Works are currently not framed.
Frames are available upon request.
Paintings
Concepts in my works emerge through embodied engagement with materials. Over the years, the use of ink and water-based mediums became a 'clearing' that enable me to think about boundaries, agencies, and relationalities. I develop ‘pooling’, a painting method that emerged out of my lived experiences of being a 'cloud'. Apart from the obvious action of painting with bulks of water, ink, and pigments on substrates across extended period of time, ‘pooling’ draws largely from the traditional Chinese ink technique of pomo (潑墨)[splashed ink], and from my observations of wetlands. Their waterbodies fascinate me; they are never static, constantly shifting across surfaces over time, not to mention the myriads of organisms living in them. I am interested in the concepts of ‘latent commons’ and ‘multispecies assemblages’ (Tsing, 2015), in how contingency, unpredictability and vulnerability become sites of encounters where the not-yet-articulated can find its place.

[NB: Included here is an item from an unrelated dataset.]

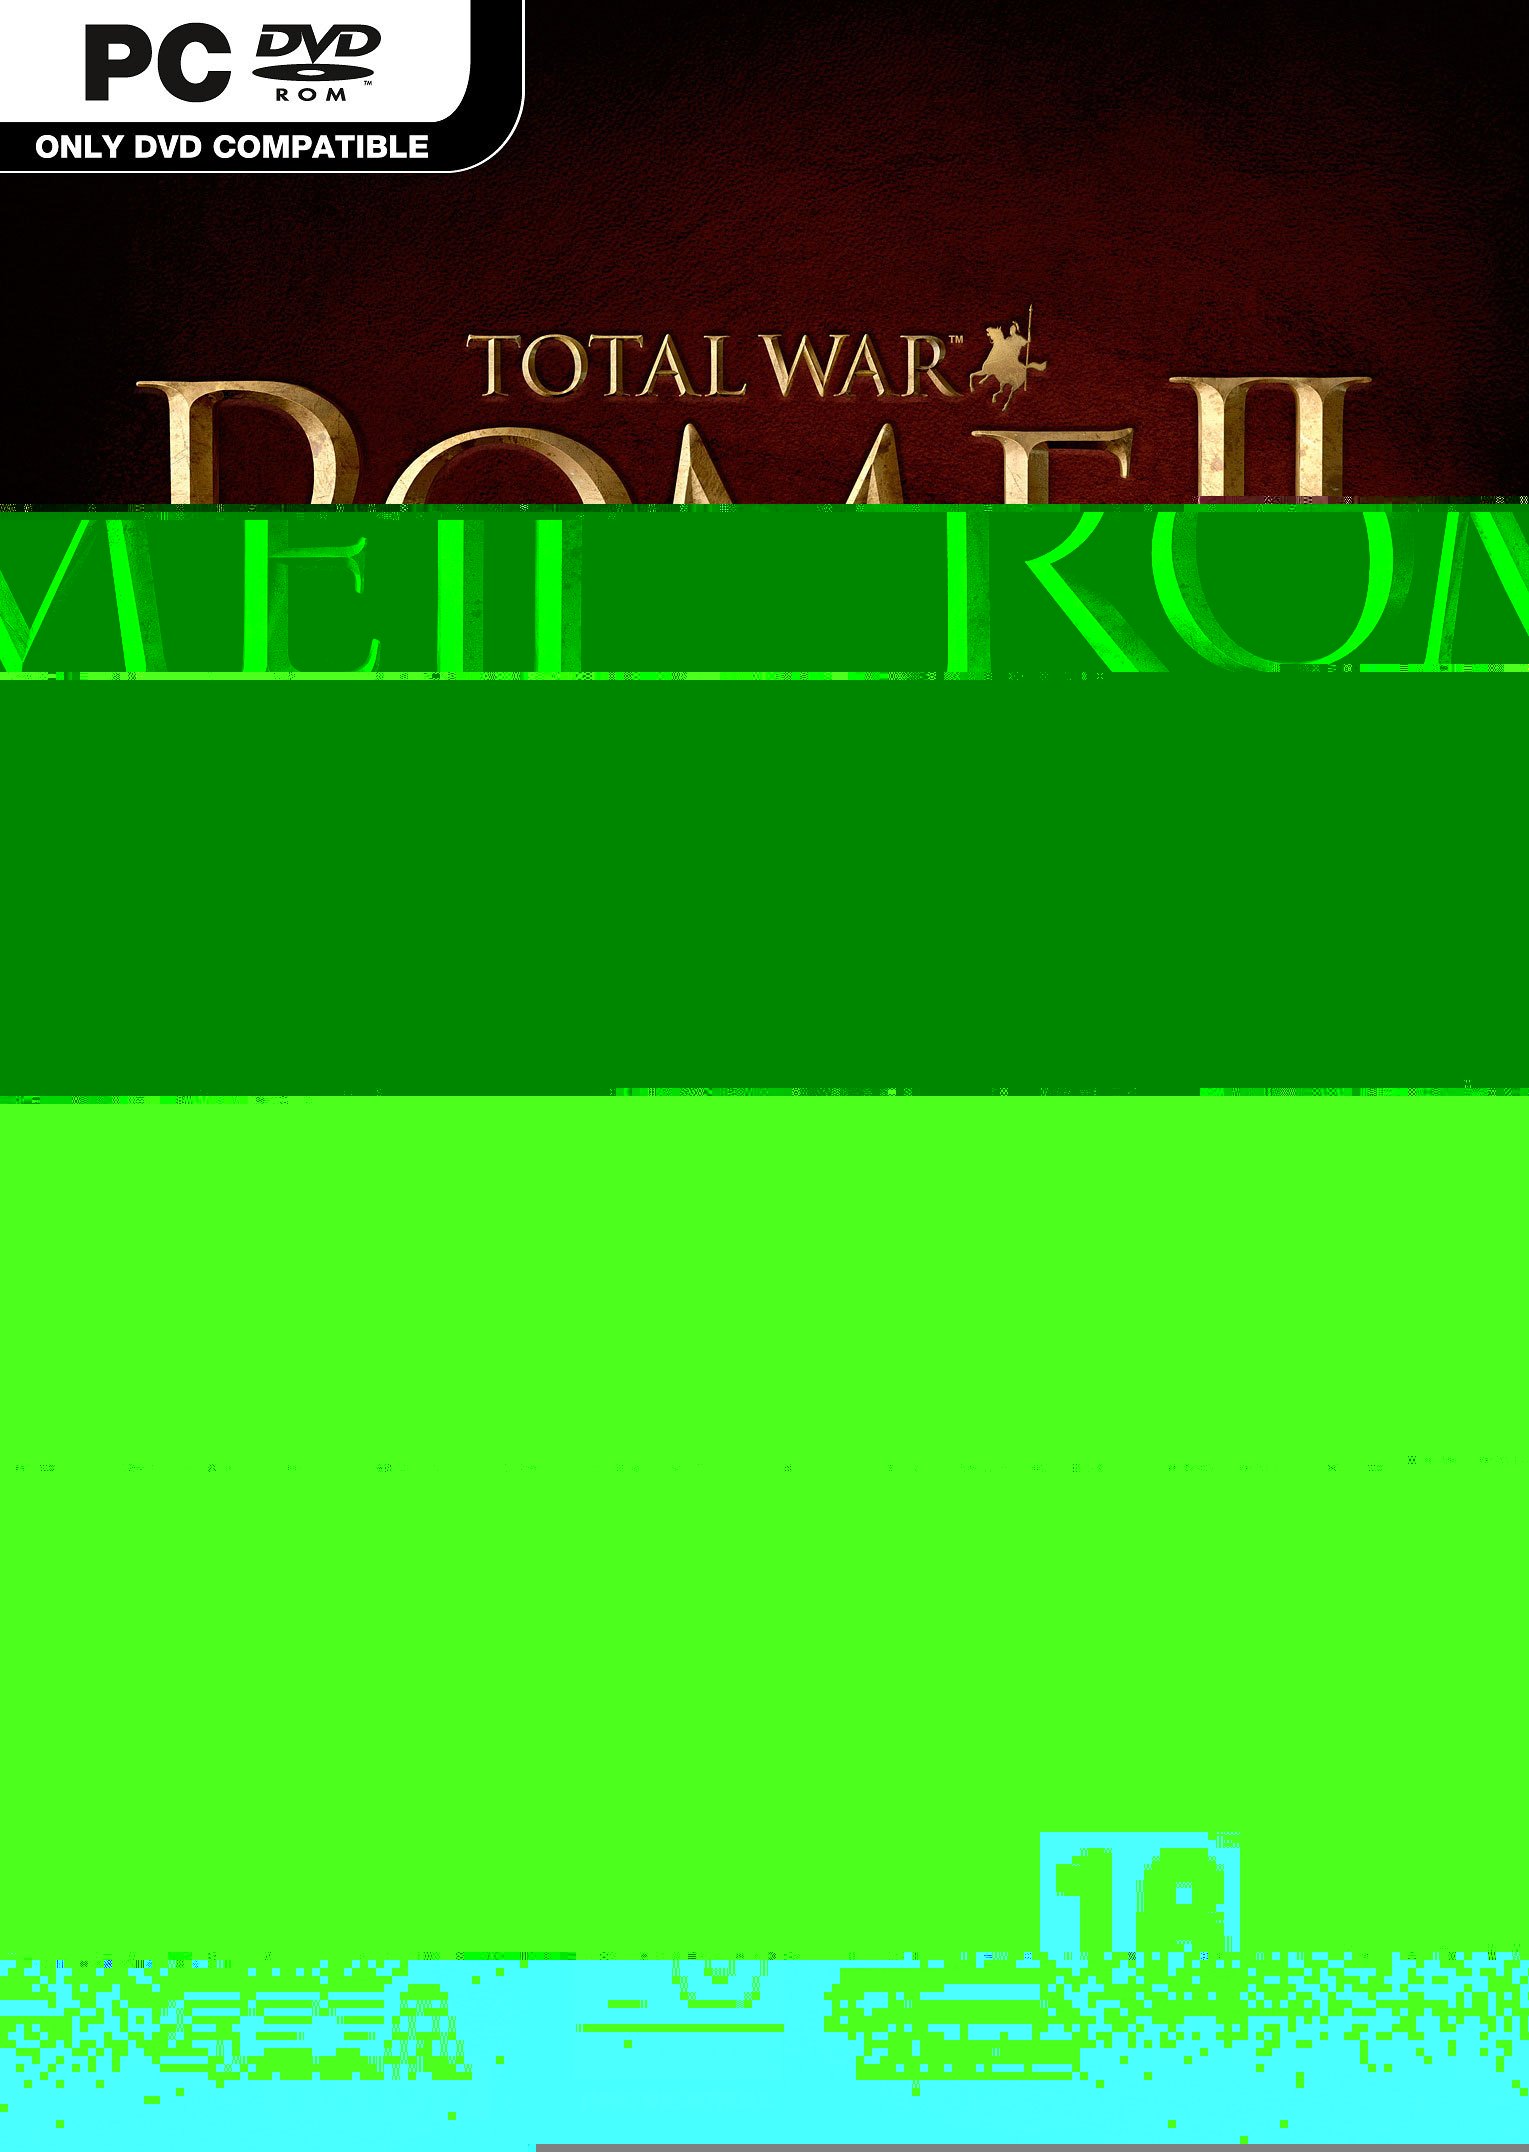 Total War Rome II.jpg

My brushwork is mainly calligraphic, influenced by traditional scripts , techniques of xieyi(寫意) [writing ideas] and gongbi(工筆) [meticulous style], as well as by the experimental possibilities I have explored through the watercolour medium. Years of working with these two similar yet fundamentally different types of mediums, have enabled me to combine and develop ways of communicate my ideas freely and authentically.
The concepts of 'being' and 'place' play significant roles in my work, with complex links to geography, culture, and identity. Living and practising between the UK and Singapore, I practise through a diasporic lens. In my ink paintings, I seek emergent knowledge in the interstices between multispecies that surrounds me, my Southeast Asian cultural heritage, and the in-between spaces I inherently find myself in.